◆ **DATASET ENTRIES**:

▼

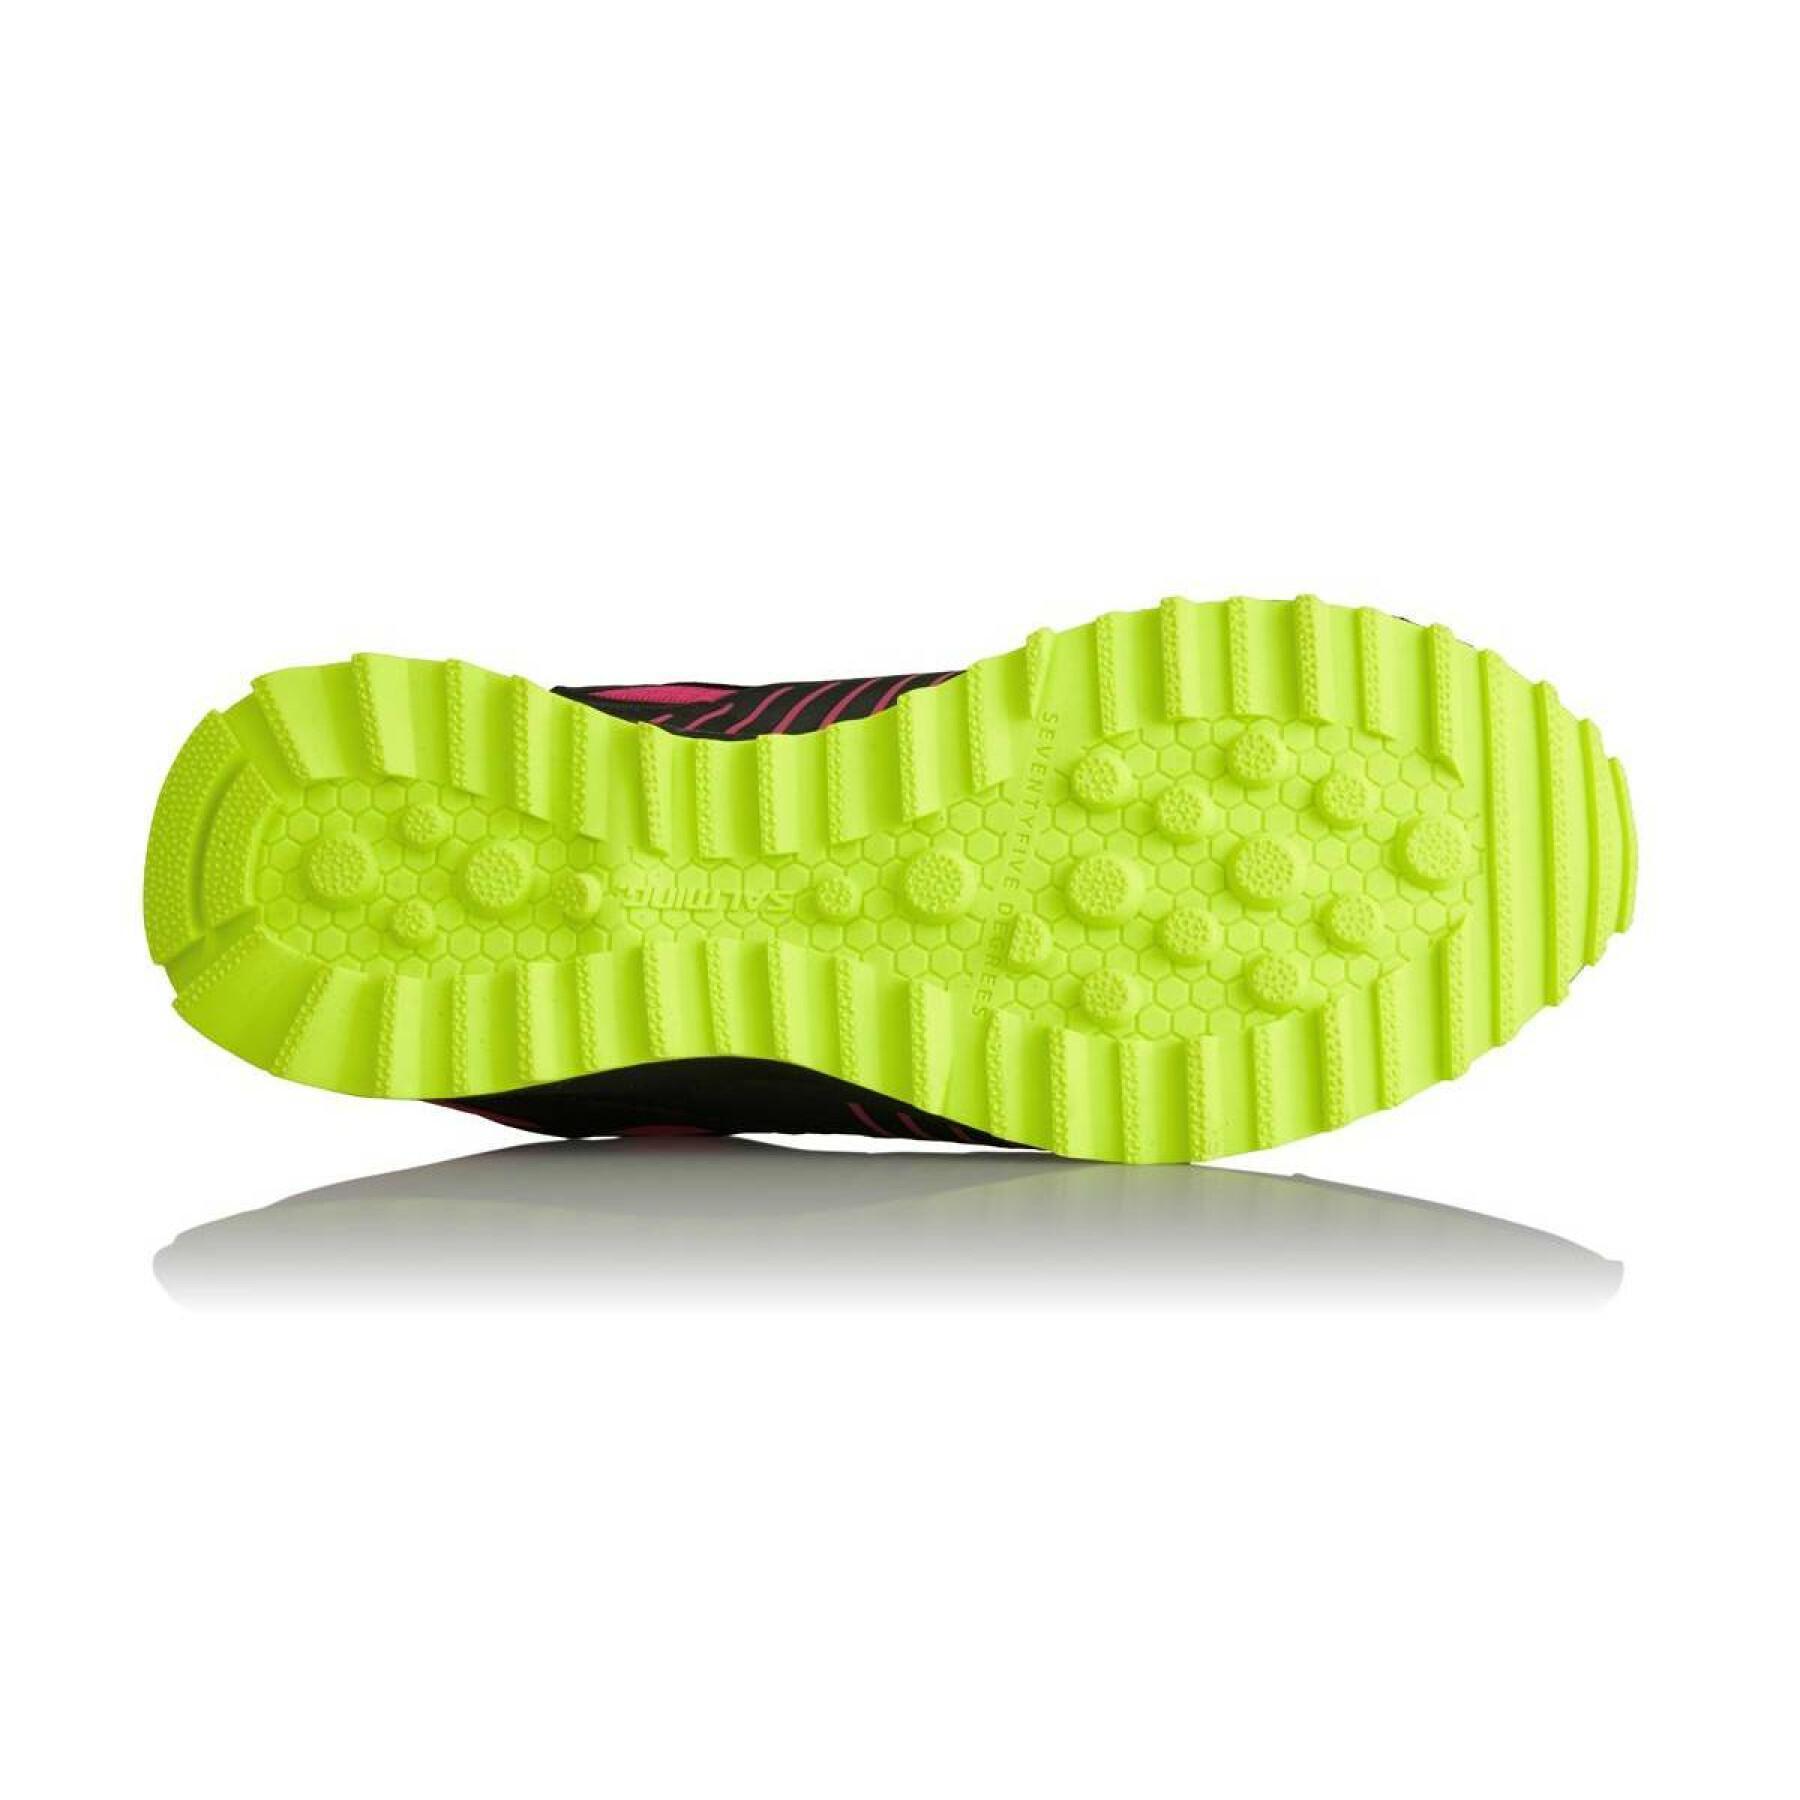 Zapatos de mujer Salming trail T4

▲
▼

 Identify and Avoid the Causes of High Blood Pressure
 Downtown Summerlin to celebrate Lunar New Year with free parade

▲
▼

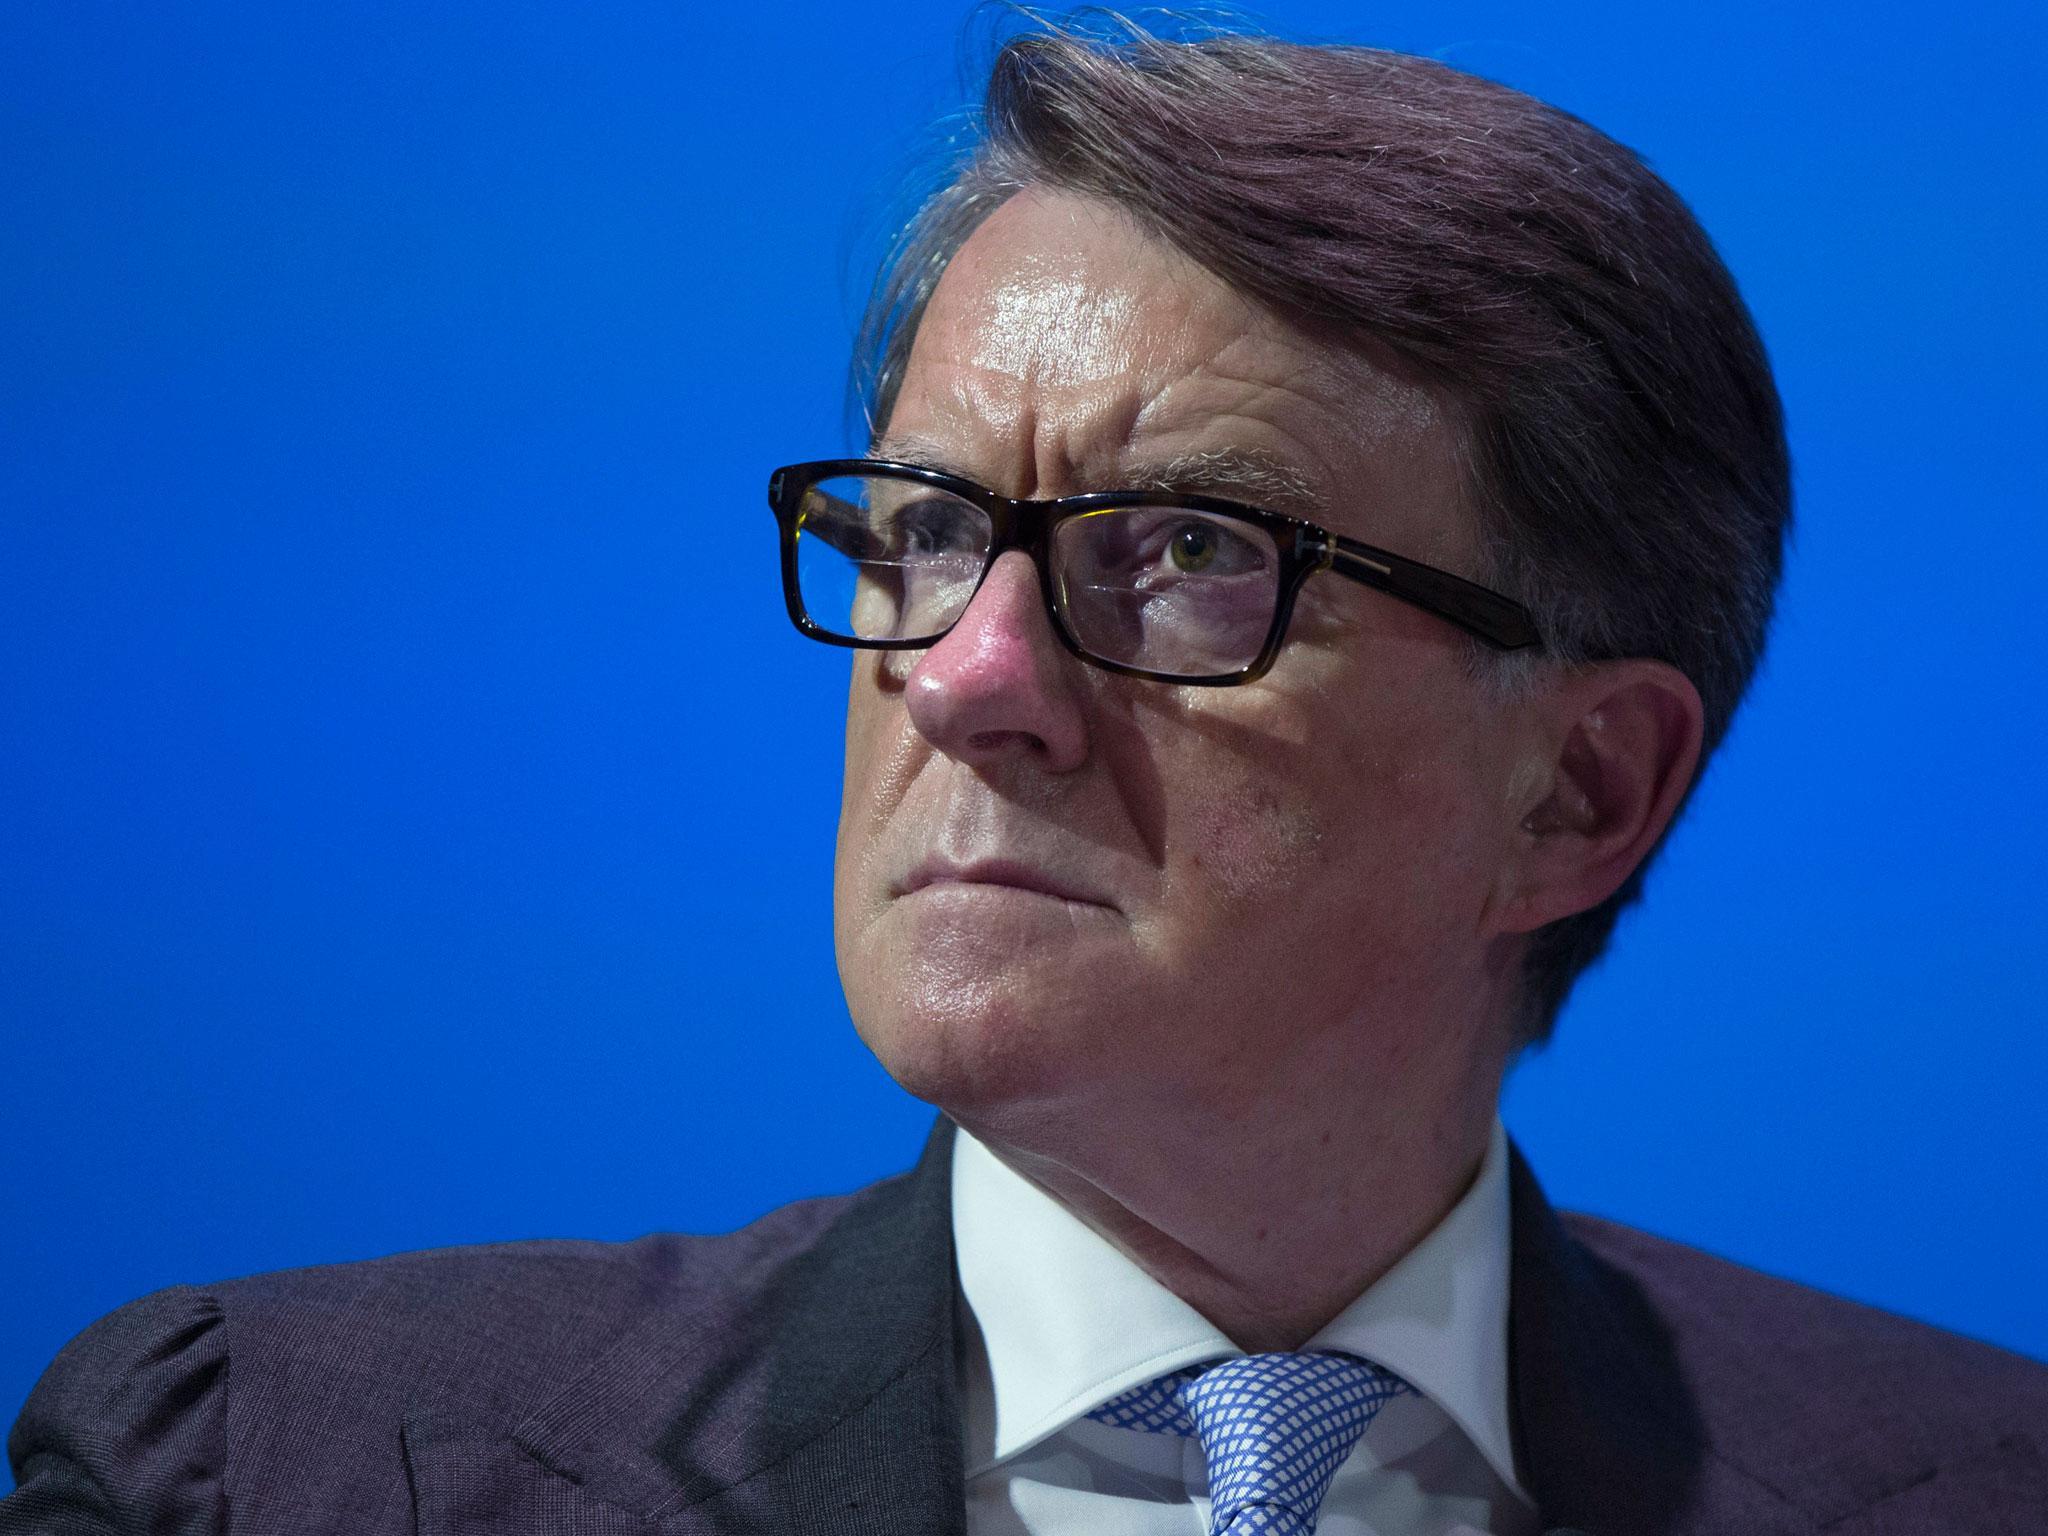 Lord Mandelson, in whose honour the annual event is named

▲

◆ **YOUR TASK**:
Print only what lies in the material above starting at the line with "Identify and Avoid" and ending at the line with "Downtown Summerlin to", every line exactly as given.

◆ **TASK RESULT**:
 Identify and Avoid the Causes of High Blood Pressure
 Downtown Summerlin to celebrate Lunar New Year with free parade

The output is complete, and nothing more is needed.